Samantha "Sam" Darko (Daveigh Chase) and Corey Corn (Briana Evigan) are two eighteen-year-olds on a road trip to California hoping to make it big as dancers there. Along the way, their car breaks down in Conejo Springs, a small town in Utah. The town badass, Randy Holt (Ed Westwick), comes to their rescue, cigarette in hand.
As they end up staying for a while they meet a Donnie look-a-like running amok in military clothes, a nerdy kid with a rash, a Badass Preacher and experience many a weird going-on.
The sequel to Donnie Darko no fan will admit exists. Though the film is widely considered inferior to its predecessor, it does have some features that were praised, such as the stunning cinematography and nineties pop songs.

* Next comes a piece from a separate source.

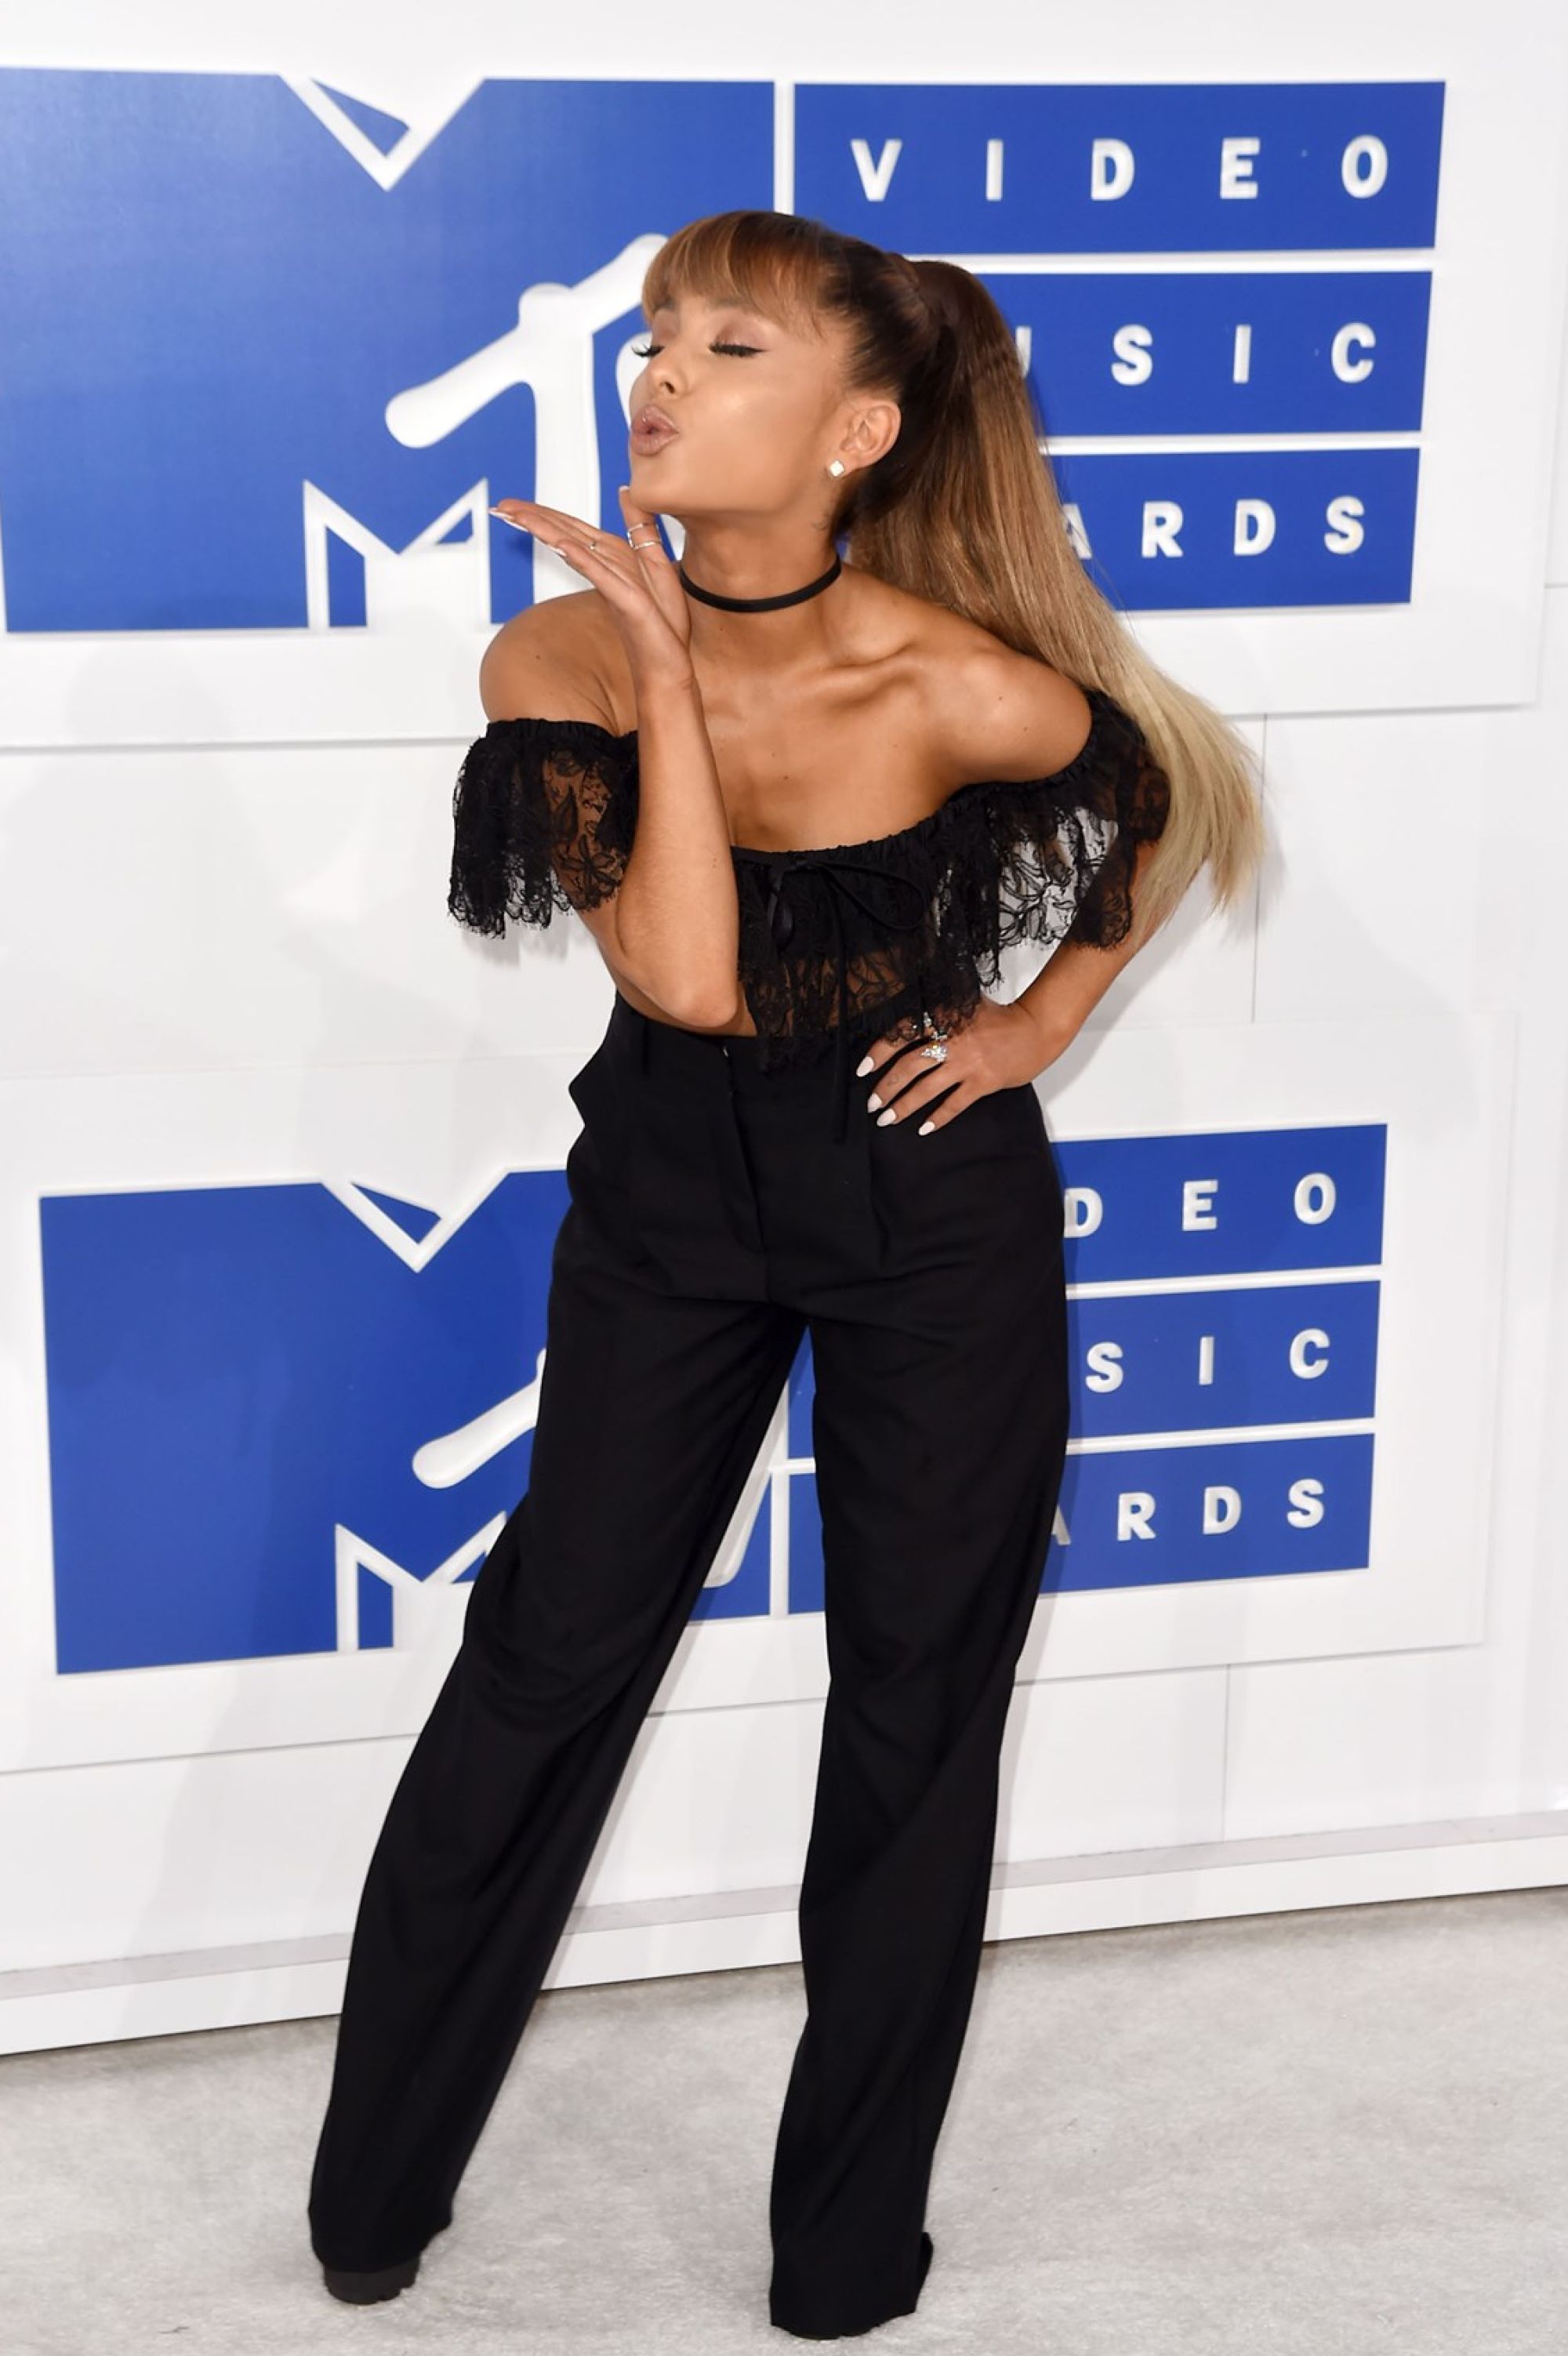 Ariana Grande Best Fashion Moments Over the Years – WWD

This film provides examples of:
- Bilingual Bonus: Conejo Springs gets its name from the Spanish word for "rabbit."
- Continuity Nod: At the party scene, there is a girl in a white bikini who drapes herself in an American flag. In the original Donnie Darko, Donnie had a poster with a white swimsuit model backgrounded by an American flag.
- Defrosting Ice Queen: Corey calls Sam one at one point.
- Karma Houdini: The person killing the children, implied to be Trudy, never gets caught on-screen and does not seem to suffer any consequences for the deaths.
- Mind Screw: Intended, at least. Unfortunately, so much weird shit happens in this movie that in the end, you just stop thinking about it.
- Never Speak Ill of the Dead: In the original timeline, the townsfolk are dismissive of Iraq Jack but when he goes back and is killed by the meteorite, they become quite upset.
- Retcon: Many things mentioned in S.Darko, such as their family still living in Virginia contradicts the
Word of God from the first movie. Samantha also somehow got Donnie's copy of "The Philosophy of Time Travel", complete with Frank drawings by Donnie, even though he only got a copy of the book in the tangent universe in the original.
- Shell-Shocked Veteran: Iraq Jack. He claims to have done some bad things during the Gulf War, but nobody seems to take him seriously.
- Suspiciously Similar Substitute: It seems as though all of the male leads were chosen for looking like Donnie Darko.
- Television Portal: At night, the dead version of Samantha reaches through a TV screen and pulls out a glowing feather.
- Trailers Always Lie: An early trailer for the movie
made it appear as if it would take place during the events of Donnie Darko, only from Samantha's
perspective. Doubles as What Could Have Been.
- What Happened to the Mouse?: We never find out if Billy is ever rescued from the abandoned mine or found.